Il fait un petit tour dans les tribunaux corses, où il ne s’implantera pas. En 2010, dernier combat, il défend Laurent Gbagbo au côté de Roland Dumas. « Jacques Vergès était l’unique monstre sacré du barreau français », a réagi vendredi Francis Vuillemin, l’un des trois défenseurs de Maurice Papon au procès de Bordeaux. D’ordinaire, on ne dit pas du mal d’un mort. Le concert des louanges aurait donc pu s’élever, ainsi, à l’infini. Mais ce disparu-là aimait tant la provocation que Me Alain Jakubowicz, le président de la Licra, qui représentait le Consistoire israélite de France lors du procès Barbie, s’en est permis une petite. « Je ne suis pas surpris des propos laudateurs à son sujet, mais je pense que s’il pouvait lire et entendre ce qu’on dit de lui aujourd’hui, il nous ferait à tous un immense bras d’honneur. » Agrémenté de ce petit sourire, impassible ou mystérieux, énervant ou fascinant.
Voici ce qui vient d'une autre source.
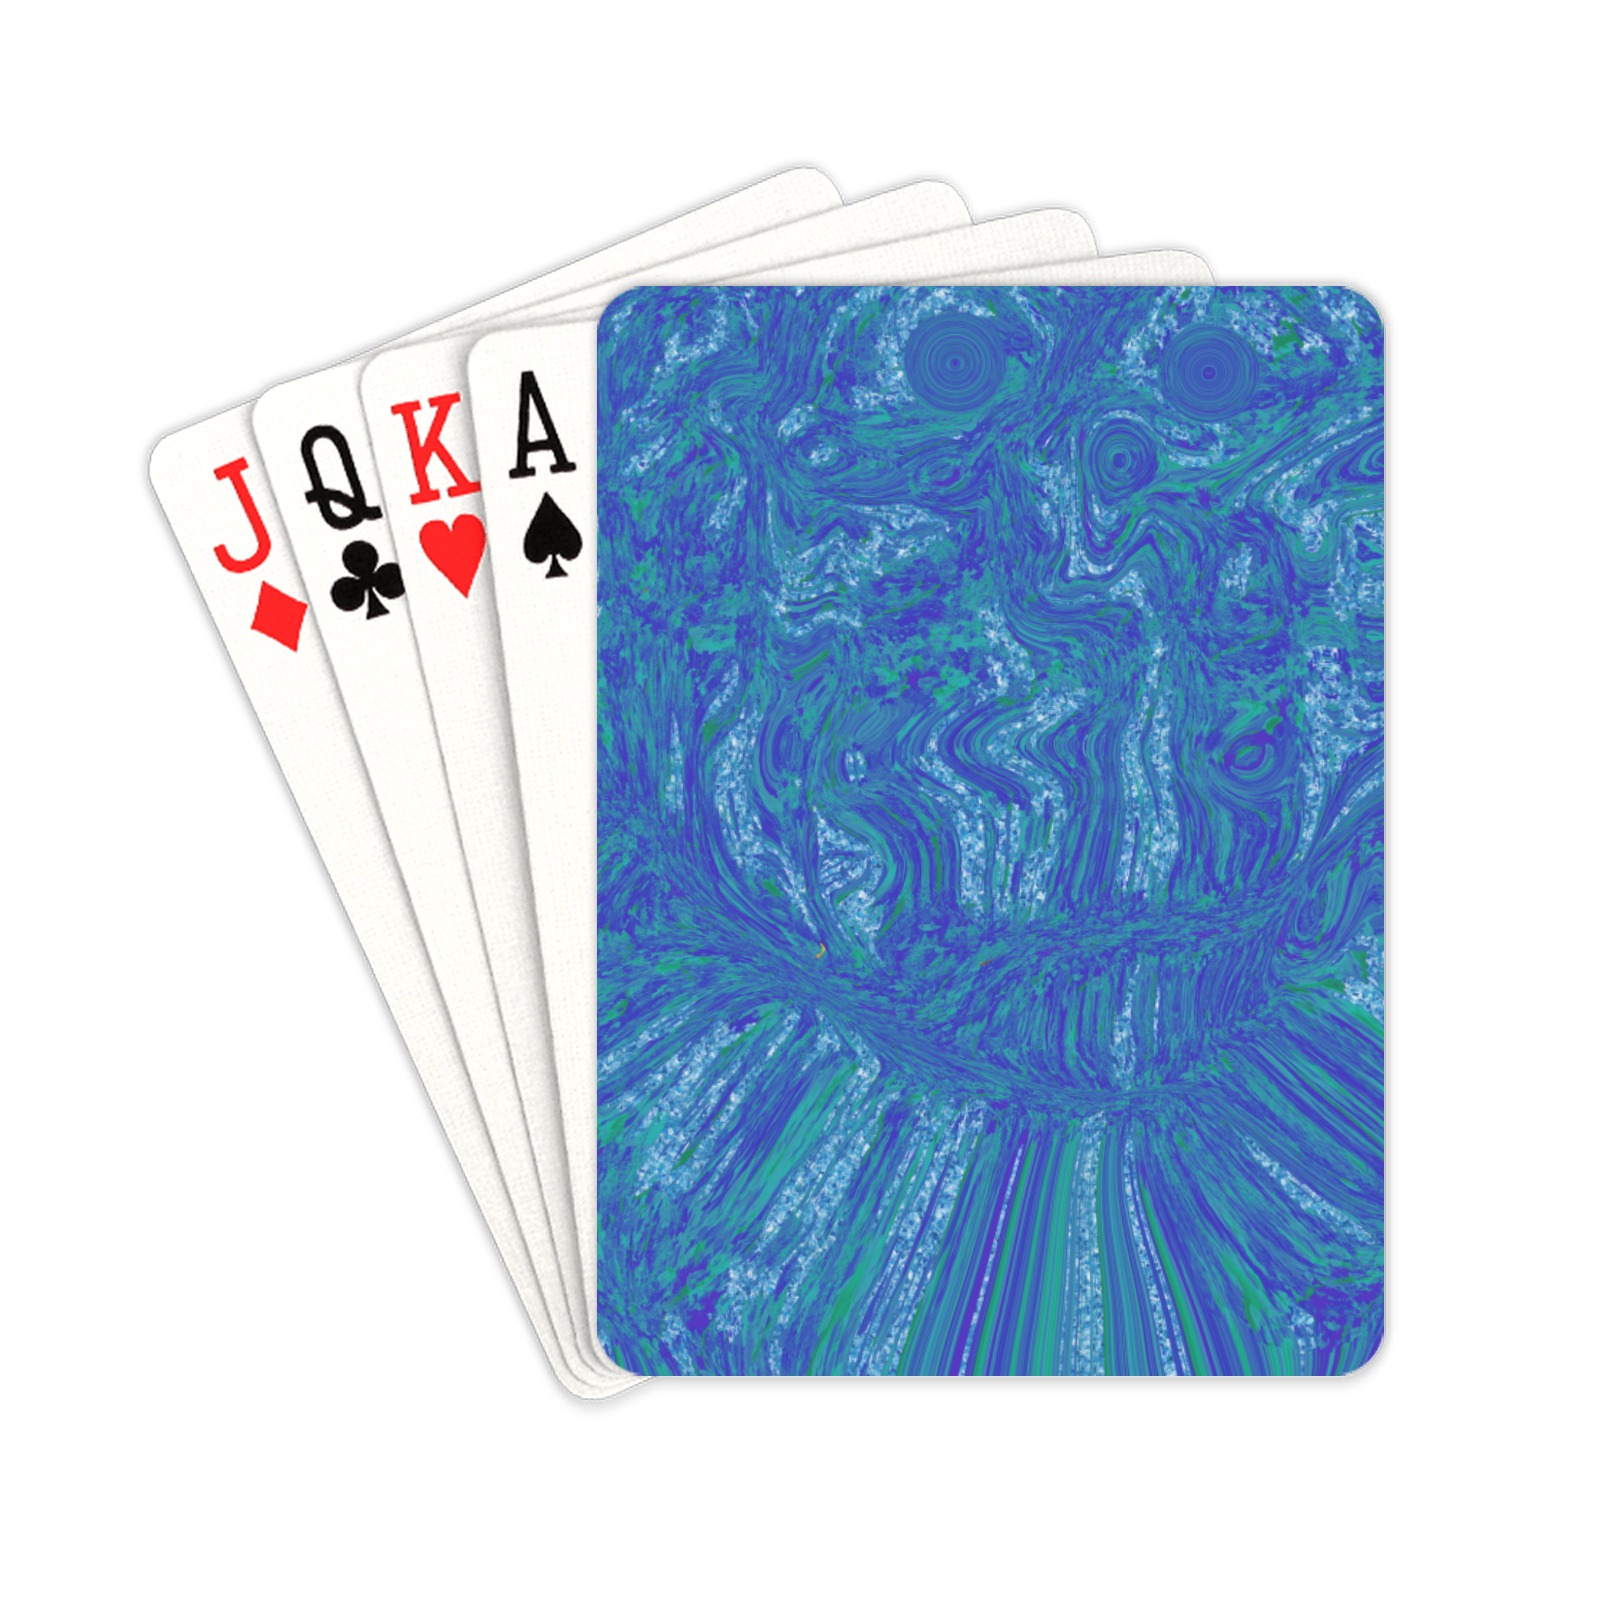 ocean storms Playing Cards 2.5"x3.5"

Jusque dans ses dernières heures, Jacques Vergès semble avoir maîtrisé la mise en scène de son existence. Jeudi soir peu après 20 heures, à l’âge de 88 ans (ou était-ce 89 ?) l’avocat aux petites lunettes rondes et visage impassible est décédé dans la chambre où Voltaire aurait poussé son dernier soupir le 30 mai 1778. « L’avocat de la terreur », comme l’avait désigné Barbet Shroeder dans un documentaire qui lui était consacré, était hébergé chez des amis dans un appartement quai Voltaire à Paris, depuis une mauvaise chute. « Un lieu idéal pour le dernier coup de théâtre que devait être la mort de cet acteur né », ont même osé dans un communiqué les éditions Pierre Guillaume de Roux, qui avaient publié ses mémoires en février. Plus prosaïque, Christian Charrière-Bournazel, le président du Conseil national des barreaux qui avait dîné avec lui il y a une dizaine de jours, a expliqué que l’avocat « avait fait une chute il y a quelques mois et, du coup, était très amaigri, marchait très lentement. Il avait des difficultés à parler, mais intellectuellement il était intact. On savait que c’était ses derniers jours, mais on ne pensait pas que ça viendrait aussi vite »".



Violette Lazard, in Libération, 16 août 2013.